Irish-American merchant (1732–1800)

Daniel Clark Sr. (1732–July 16, 1800) was an 18th-century Irish-American merchant and land owner in colonial Pennsylvania and the lower Mississippi River valley. Clark dealt in groceries, tobacco, and slaves. His nephew, Daniel Clark, left Ireland to join him in business and eventually became an important political figure of Louisiana at the turn of the 19th century. Clark had a business partnership with James Wilkinson, who was both an American general and an employee of the Spanish government. The now-extinct Natchez District town of Clarksville was developed by and named for Clark.

== Migration, military service, and early career ==

Clark was originally from County Sligo, Ireland. He came to the British colonies in North America in the 1750s, initially settling in Pennsylvania. He served as a lieutenant of the British army in Major James Burd's company of the Third Battalion at Fort Augusta in 1756–57. In 1758 Daniel Clark married Jane Hoops, a daughter of Adam Hoops. Hoops was considered a "one-man financial institution" in colonial Pennsylvania, lending large sums of money to business affiliates. Clark initially worked for his father-in-law in Carlisle, Pennsylvania. The Clarks moved to Philadelphia in 1761. In Philadelphia Clark initially opened a store, advertising that he had "to sell, for Cash or short Credit, at the Store lately occupied by Messieurs Standley and Fullton, a Neat Assortment of dry Goods, which he imported in the last Vessels from London and Liverpool." He dealt in furniture, china, and leather. Clark continued to send ships back and forth between Europe and North America "throughout the early 1760s."

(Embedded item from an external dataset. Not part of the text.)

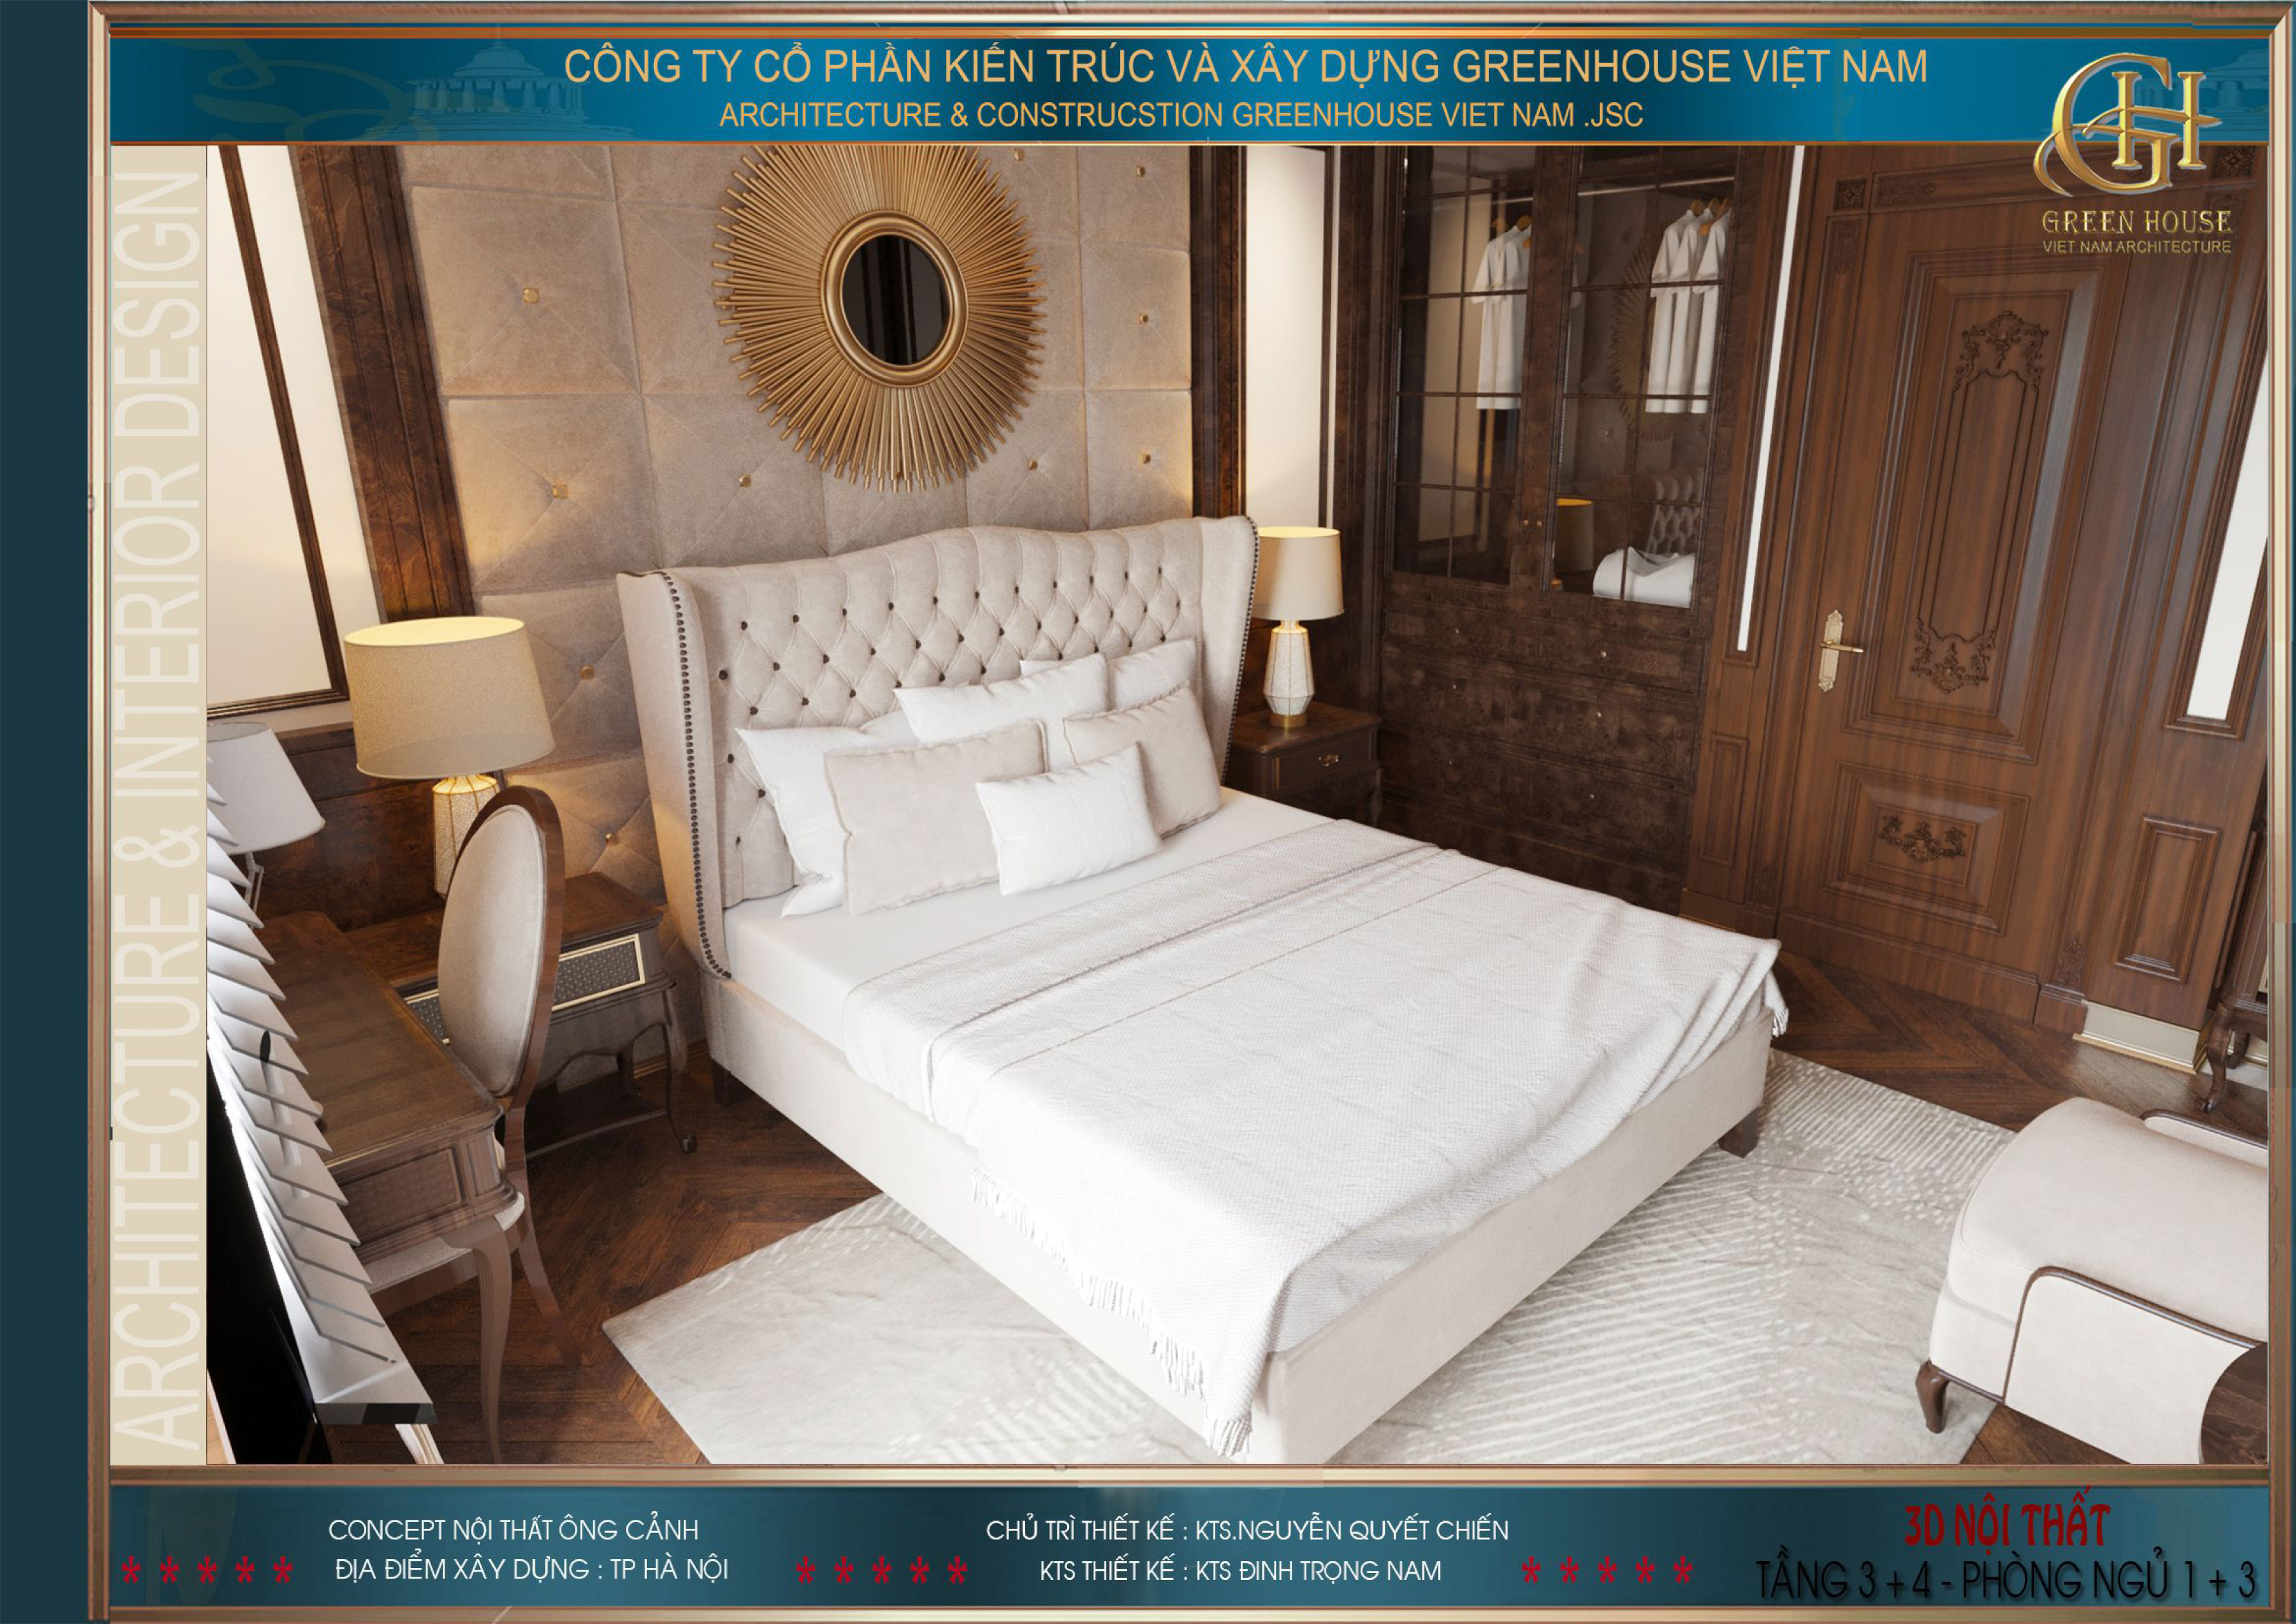 Phòng ngủ tầng 3 với đầy đủ đồ nội thất phục vụ nhu cầu sinh hoạt của chủ nhân căn phòng

Hoops supported his son-in-law financially in many ways, giving him seed money for investments, acting as a silent partner, and by "bailing him out" when Clark's investments failed to provide the anticipated return. Among Clark's enterprises was ownership of the 90-ton ship Jenny and partial ownership of the brigantine Sally. From 1762 to 1770, Hoops served as an underwriter on a series of marine insurance policies for Clark.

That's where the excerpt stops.